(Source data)

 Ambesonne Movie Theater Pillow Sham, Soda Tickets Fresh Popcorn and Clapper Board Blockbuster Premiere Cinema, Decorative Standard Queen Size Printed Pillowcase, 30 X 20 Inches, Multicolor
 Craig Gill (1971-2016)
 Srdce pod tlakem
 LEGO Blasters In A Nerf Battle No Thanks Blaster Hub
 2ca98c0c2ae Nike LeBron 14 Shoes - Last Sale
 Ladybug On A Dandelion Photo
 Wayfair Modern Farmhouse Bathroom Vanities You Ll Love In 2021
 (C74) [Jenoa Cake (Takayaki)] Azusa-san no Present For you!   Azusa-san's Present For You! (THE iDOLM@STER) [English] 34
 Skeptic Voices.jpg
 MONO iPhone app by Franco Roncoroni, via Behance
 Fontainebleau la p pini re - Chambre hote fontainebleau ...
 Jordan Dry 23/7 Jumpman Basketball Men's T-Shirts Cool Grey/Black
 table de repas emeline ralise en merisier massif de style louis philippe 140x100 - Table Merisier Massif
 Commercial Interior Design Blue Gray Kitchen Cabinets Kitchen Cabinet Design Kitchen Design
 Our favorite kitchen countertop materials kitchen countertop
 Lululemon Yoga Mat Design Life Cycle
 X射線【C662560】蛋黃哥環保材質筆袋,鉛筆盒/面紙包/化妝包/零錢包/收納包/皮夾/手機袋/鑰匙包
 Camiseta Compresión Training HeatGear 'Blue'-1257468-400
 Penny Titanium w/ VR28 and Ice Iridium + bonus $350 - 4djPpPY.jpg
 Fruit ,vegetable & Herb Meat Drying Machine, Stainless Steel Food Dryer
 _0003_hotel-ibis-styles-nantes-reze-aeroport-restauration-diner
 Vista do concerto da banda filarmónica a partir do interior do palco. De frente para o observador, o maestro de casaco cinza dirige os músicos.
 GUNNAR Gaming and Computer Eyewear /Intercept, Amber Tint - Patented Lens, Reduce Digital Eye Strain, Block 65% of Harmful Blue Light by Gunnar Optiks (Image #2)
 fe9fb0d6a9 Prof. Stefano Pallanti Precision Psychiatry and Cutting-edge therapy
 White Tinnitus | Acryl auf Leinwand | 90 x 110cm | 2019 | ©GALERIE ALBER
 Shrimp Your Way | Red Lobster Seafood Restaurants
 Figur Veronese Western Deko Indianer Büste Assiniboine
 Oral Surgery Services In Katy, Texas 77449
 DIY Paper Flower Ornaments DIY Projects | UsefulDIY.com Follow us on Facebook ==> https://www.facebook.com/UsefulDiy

§ **ASSIGNED TASK**:
All lines in the records that contain "Blue" are to be copied and returned.

§ **RESULT OF THIS EXERCISE**:
 Commercial Interior Design Blue Gray Kitchen Cabinets Kitchen Cabinet Design Kitchen Design
 Camiseta Compresión Training HeatGear 'Blue'-1257468-400
 GUNNAR Gaming and Computer Eyewear /Intercept, Amber Tint - Patented Lens, Reduce Digital Eye Strain, Block 65% of Harmful Blue Light by Gunnar Optiks (Image #2)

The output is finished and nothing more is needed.